Wie man vermögenswirksame Leistungen anlegt

Wie man vermögenswirksame Leistungen anlegt

Was sind vermögenswirksame Leistungen (kurz: VL) ?

Vermögenswirksame Leistungen sind freiwillige Geldleistungen, die der Arbeitgeber dem Angestellten leistet. Jedoch erhält man die vermögenswirksamen Leistungen nicht als Überweisung auf das Girokonto, sondern werden vertragsgemäß für den Arbeitnehmer angelegt. Die maximale Summe, die Arbeitnehmer als vermögenswirksame Leistungen vom Arbeitgeber erhalten können sind 40€. Auch wenn die Summe auf den ersten Blick klein erscheint, kann es bei geringen Kosten durchaus sehr lohnend sein.

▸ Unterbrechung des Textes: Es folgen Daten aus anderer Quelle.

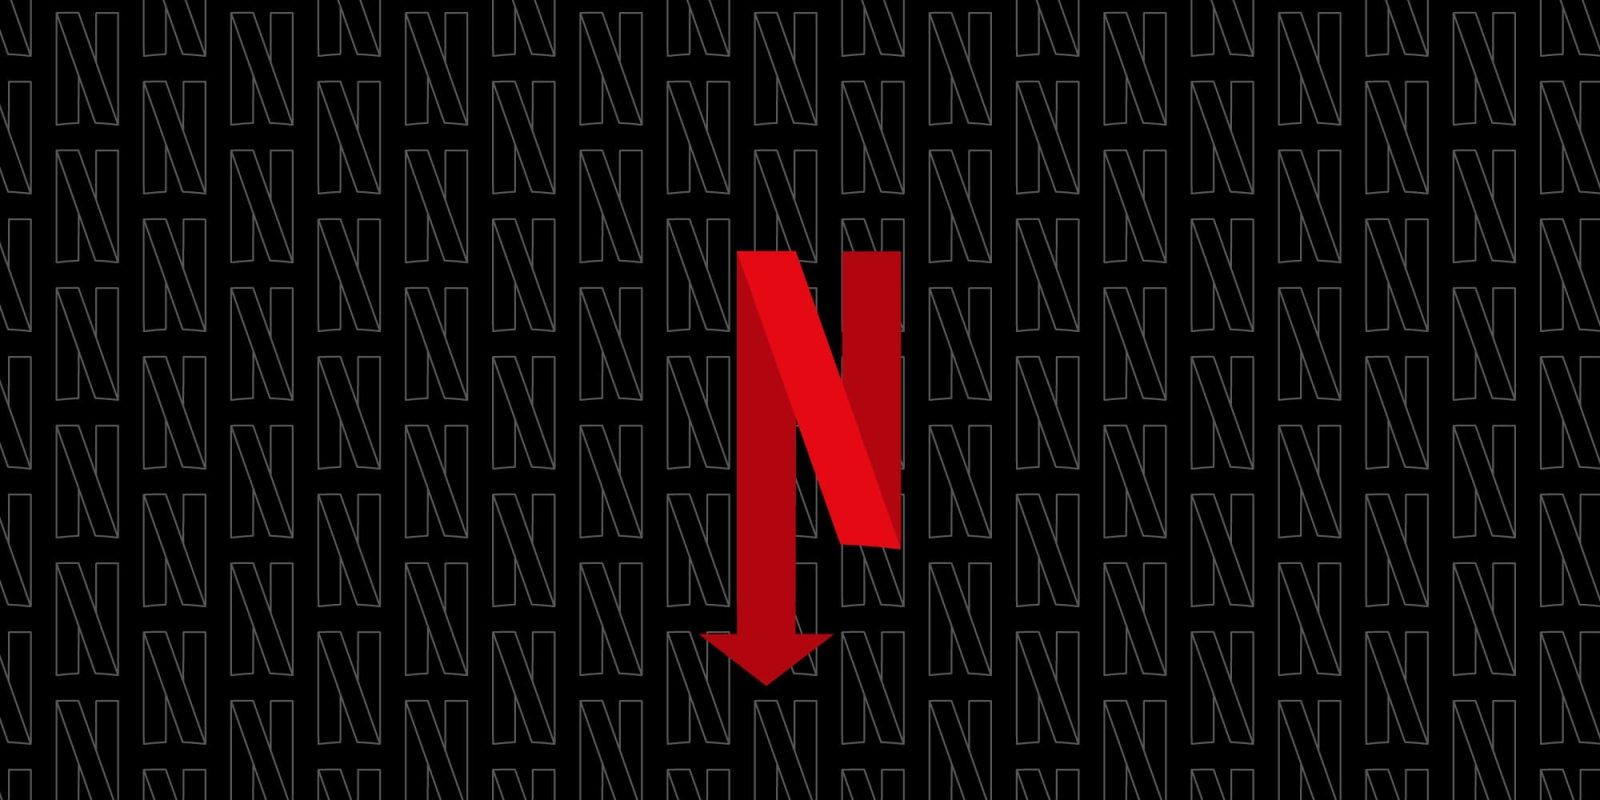 Netflix subscription plans down

Normalerweise bekommen Arbeitnehmer in der Metall- und Elektroindustrie, Beamte im öffentlichen Dienst und Handwerker vermögenswirksame Leistungen. Die Bedingungen und die Höhe der Leistungen sind dabei im Tarifvertrag oder einzeln im Arbeitsvertrag geregelt. Es lohnt sich durchaus, sich bei der Personalabteilung zu informieren. Oft können im Rahmen von Gehaltsverhandlungen vermögenswirksame Leistungen ausgehandelt werden, auch wenn sie in der Branche sonst nicht üblich sind.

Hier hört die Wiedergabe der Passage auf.